How to use Snorkel on numeric data?April 14, 2021 at 4:50pm (Edited 3 weeks ago)
Hi - I'm trying to see if I can use Snorkel to label my numeric training dataset (and then looking to either do label classification or convert the labels to scores and do a regression classification).
My question is if there are coding examples anywhere that show how to use Snorkel with purely numeric training data? I'm from a biology/non-CS background so I'm not sure how to get started with Snorkel in this case, I have tried to repurpose text-based/NLP examples I've seen Snorkel has, but I haven't made much progress.

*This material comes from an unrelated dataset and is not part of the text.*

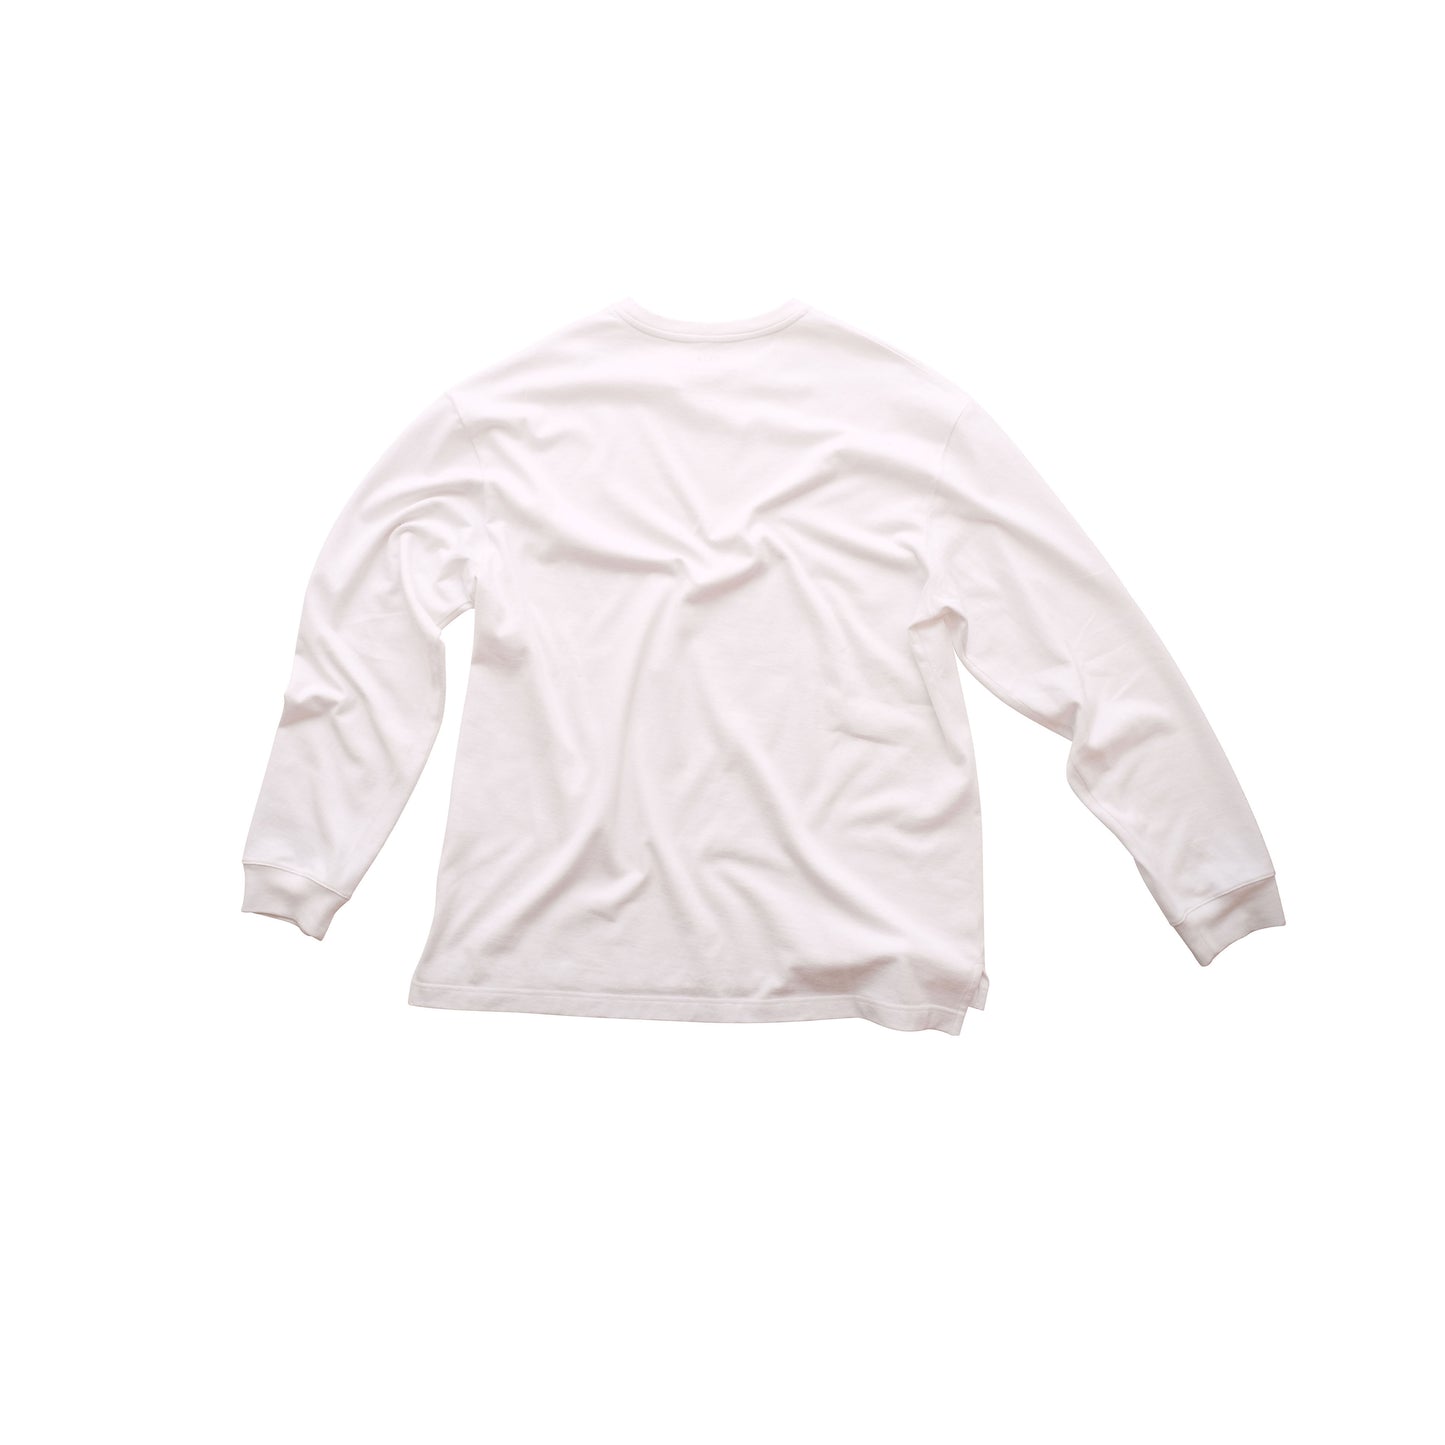 Robert Long Sleeve Cotton T Shirt White

For reference, my training data is rows of genes each with columns of numeric data measuring different biological qualities about the genes, and I do have some labeling rules depending on that data, using my domain knowledge, that I would be very interested to try and give Snorkel to apply labels. I've also posted a question about this problem to stackoverflow with example code I'm trying to use (https://stackoverflow.com/questions/67105512/how-to-apply-snorkel-to-numeric-data)
April 17, 2021 at 9:07pm
Hi (hnicholls), yes! Snorkel has been used on lots of datasets and applications with numeric data. Fundamentally, very little changes: you still express your domain knowledge in functions that either output a label or abstain. The only thing that changes is what the logic in those labeling functions looks like. Instead of using regular expressions, for examples, you may do numeric comparisons (e.g., if your data points have attributes for height and width, you could say something like the following (in pseudocode):
def lf(x): if abs(x.height - x.width) < 50: return 1 # Assuming class 1 is the class that makes sense for this rule
And the calculations you perform can be arbitrarily simple or complex; they'll just be operating on numeric properties instead of text-based ones. Another approach I've seen used before is plotting your data along different axes to visualize where different clusters are, and then writing LFs to essentially label a cluster at a time.
More specifically, looking at the example code you shared on Stack Overflow, the issue seems to be that your LFs are outputting floats rather than integers. The library doesn't currently support regression problems—only classification.